What agent ownership looks like (gradual, not all-at-once): start by delegating the pieces that are time-consuming and repeatable, with clear boundaries.

  • An agent can compile the inputs into a consistent planning pack (data pull, definitions, anomaly flags, constraints).
  • An agent can generate plan variants (Plan A/B/C) under explicit constraints, run the standard simulation playbook across scenarios, and produce a structured comparison of tradeoffs.

New org chart (ownership)

Once a workflow slice moves under an agent, the org chart changes in a specific way: you need explicit owners for output, runtime, and definitions.

  • The AI Product Manager owns the workflow slice itself – scope, inputs/outputs, constraints, success metrics, and the autonomy ramp.
  • Engineering owns the execution substrate – tool interfaces, permissions, reliability, and rollback paths.
  • Ops or the business owner owns exception handling – what gets escalated, who approves, and how humans take over when the system hits uncertainty or policy edges.
  • Data (BIE/Analytics) owns definitions – metric semantics, data quality constraints, and the “source of truth” contract the agent relies on.

“First agent hire” contract

Before delegating any slice, write the agent contract in one page: allowed inputs, required outputs, constraints and forbidden actions, and the one or two metrics that define “good work.” Add two operational requirements: a clear escalation path and a rollback plan.
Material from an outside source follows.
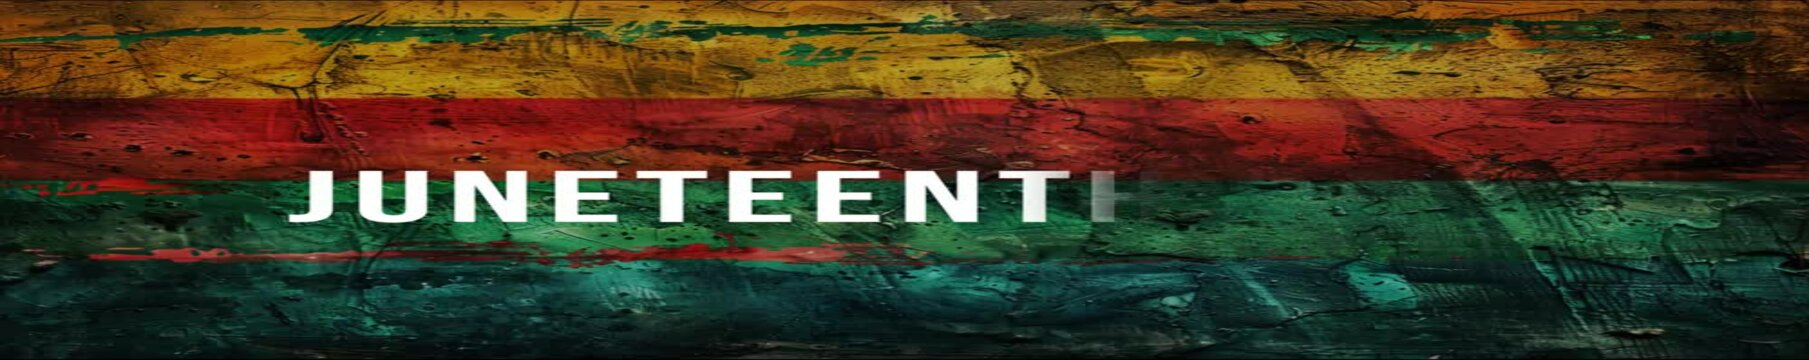 Juneteenth day Black History Month border and frame Animation, Juneteenth 4k, Juneteenth freedom day animated text, June 19. African American Liberation Day. Black, red and green 4k video animation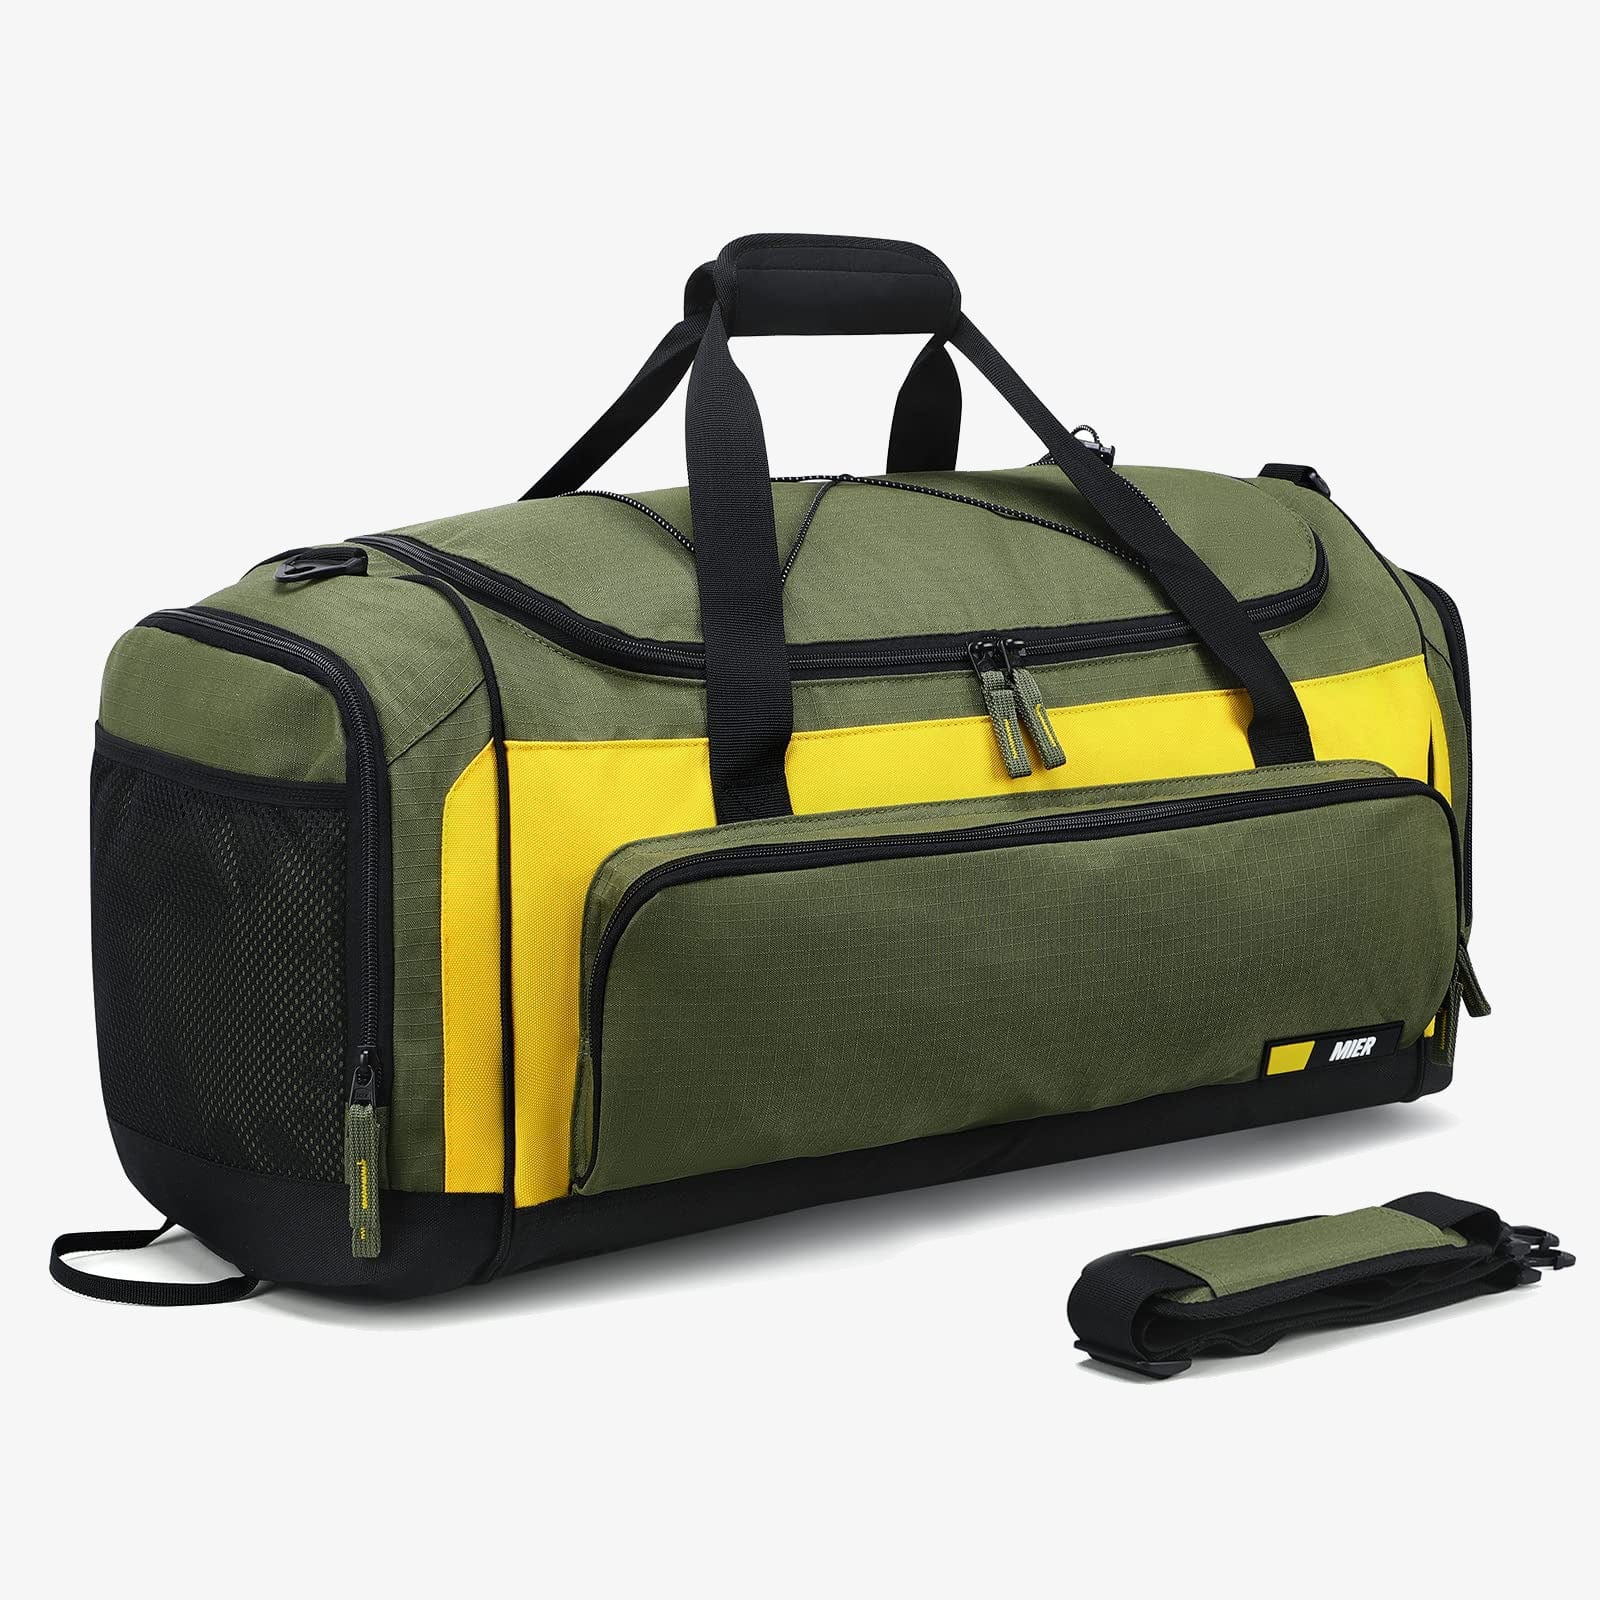 Large Sports Gym Bag Duffel Bag with Shoe Compartment - Green

If any of that is missing, the agent is not a hire – it’s an unmanaged experiment.

Autonomy ramps with gates – promotion from “draft” to “execute” requires evidence – the agent meets quality targets, stays inside constraints, and keeps escalation and rollback rates within agreed bounds for a sustained period. This turns trust into something measurable and repeatable, not something negotiated every time.

How to start Monday

Pick one workflow, write it on one page, then carve out the first slice that is repeatable and testable. Define the single-threaded agent contract for that slice, ship it in a constrained mode, and only then expand scope based on metrics.